____ PROVIDED ENTRIES
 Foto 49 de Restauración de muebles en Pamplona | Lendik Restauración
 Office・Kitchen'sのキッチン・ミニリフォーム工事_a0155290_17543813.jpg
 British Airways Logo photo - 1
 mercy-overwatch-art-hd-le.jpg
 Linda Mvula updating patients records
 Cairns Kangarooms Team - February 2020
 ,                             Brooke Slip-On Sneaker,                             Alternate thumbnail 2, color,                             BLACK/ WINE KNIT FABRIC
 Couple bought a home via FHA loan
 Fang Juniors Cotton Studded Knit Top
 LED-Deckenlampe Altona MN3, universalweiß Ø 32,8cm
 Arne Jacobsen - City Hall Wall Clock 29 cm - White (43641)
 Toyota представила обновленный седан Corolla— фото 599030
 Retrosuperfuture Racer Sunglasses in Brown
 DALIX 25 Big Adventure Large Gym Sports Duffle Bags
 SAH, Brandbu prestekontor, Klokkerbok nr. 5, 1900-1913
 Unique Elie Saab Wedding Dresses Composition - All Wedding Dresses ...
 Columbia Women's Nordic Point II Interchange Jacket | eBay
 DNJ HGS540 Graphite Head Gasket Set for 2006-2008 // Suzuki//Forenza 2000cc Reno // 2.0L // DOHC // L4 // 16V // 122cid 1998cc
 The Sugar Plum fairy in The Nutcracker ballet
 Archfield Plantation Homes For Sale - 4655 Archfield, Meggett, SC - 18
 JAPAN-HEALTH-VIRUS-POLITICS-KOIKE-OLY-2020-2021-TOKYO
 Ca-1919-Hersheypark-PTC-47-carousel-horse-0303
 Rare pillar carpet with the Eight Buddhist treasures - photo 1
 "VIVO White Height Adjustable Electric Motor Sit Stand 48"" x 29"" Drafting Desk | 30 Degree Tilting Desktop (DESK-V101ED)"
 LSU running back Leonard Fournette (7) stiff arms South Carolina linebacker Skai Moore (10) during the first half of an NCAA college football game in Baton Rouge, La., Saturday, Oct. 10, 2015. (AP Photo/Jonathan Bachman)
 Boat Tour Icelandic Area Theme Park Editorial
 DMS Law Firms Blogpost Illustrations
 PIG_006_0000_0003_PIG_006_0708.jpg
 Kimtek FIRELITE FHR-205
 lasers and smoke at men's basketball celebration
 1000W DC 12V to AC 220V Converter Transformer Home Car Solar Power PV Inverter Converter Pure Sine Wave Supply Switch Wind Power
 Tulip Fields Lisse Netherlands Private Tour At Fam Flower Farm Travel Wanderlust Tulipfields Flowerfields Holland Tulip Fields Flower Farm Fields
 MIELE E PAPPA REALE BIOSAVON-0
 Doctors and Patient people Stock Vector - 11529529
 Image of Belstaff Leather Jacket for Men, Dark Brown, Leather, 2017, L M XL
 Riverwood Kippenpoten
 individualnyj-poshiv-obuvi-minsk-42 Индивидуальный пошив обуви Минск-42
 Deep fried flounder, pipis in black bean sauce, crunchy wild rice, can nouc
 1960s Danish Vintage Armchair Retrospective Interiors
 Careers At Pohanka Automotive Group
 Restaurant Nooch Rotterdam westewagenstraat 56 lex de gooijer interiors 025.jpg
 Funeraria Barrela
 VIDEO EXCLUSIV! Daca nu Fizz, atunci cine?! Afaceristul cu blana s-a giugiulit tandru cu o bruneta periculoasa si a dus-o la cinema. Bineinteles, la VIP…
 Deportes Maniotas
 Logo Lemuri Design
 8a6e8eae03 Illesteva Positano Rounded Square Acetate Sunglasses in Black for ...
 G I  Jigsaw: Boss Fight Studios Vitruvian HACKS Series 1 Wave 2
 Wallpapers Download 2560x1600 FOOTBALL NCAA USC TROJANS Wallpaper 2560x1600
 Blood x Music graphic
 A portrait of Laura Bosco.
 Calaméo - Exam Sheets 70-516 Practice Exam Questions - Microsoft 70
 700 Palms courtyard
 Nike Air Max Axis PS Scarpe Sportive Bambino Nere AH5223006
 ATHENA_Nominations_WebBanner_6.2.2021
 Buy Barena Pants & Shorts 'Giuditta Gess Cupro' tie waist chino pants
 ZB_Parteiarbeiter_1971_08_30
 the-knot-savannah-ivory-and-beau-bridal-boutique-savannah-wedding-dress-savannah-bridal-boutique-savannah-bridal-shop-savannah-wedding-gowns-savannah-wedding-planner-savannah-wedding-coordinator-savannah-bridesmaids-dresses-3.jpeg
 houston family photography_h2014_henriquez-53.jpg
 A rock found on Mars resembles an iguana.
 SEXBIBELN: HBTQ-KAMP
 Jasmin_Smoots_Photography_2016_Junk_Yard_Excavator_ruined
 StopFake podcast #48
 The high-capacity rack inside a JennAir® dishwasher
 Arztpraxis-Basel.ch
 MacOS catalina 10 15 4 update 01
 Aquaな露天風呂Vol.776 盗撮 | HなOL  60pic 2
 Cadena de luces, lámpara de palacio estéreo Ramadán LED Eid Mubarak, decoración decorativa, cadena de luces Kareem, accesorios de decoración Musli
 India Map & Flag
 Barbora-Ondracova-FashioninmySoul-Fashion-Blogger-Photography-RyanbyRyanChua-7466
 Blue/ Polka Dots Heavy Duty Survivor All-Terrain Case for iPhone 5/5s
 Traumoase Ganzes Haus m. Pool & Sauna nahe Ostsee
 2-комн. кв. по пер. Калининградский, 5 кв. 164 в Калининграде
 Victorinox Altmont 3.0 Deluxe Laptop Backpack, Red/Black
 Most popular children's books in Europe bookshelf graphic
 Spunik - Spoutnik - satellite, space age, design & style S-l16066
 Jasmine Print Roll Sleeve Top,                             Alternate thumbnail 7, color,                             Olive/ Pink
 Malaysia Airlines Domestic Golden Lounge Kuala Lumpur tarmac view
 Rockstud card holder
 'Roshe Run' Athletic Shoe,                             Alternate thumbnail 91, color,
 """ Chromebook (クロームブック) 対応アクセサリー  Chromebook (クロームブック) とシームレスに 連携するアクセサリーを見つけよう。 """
________
**YOUR TASK**
Of the entries above, repeat exactly the lines from the line with "LSU running back" through the line with "Deep fried flounder, pipis", both of them included.

**RESPONSE FOR THIS EXERCISE**
 LSU running back Leonard Fournette (7) stiff arms South Carolina linebacker Skai Moore (10) during the first half of an NCAA college football game in Baton Rouge, La., Saturday, Oct. 10, 2015. (AP Photo/Jonathan Bachman)
 Boat Tour Icelandic Area Theme Park Editorial
 DMS Law Firms Blogpost Illustrations
 PIG_006_0000_0003_PIG_006_0708.jpg
 Kimtek FIRELITE FHR-205
 lasers and smoke at men's basketball celebration
 1000W DC 12V to AC 220V Converter Transformer Home Car Solar Power PV Inverter Converter Pure Sine Wave Supply Switch Wind Power
 Tulip Fields Lisse Netherlands Private Tour At Fam Flower Farm Travel Wanderlust Tulipfields Flowerfields Holland Tulip Fields Flower Farm Fields
 MIELE E PAPPA REALE BIOSAVON-0
 Doctors and Patient people Stock Vector - 11529529
 Image of Belstaff Leather Jacket for Men, Dark Brown, Leather, 2017, L M XL
 Riverwood Kippenpoten
 individualnyj-poshiv-obuvi-minsk-42 Индивидуальный пошив обуви Минск-42
 Deep fried flounder, pipis in black bean sauce, crunchy wild rice, can nouc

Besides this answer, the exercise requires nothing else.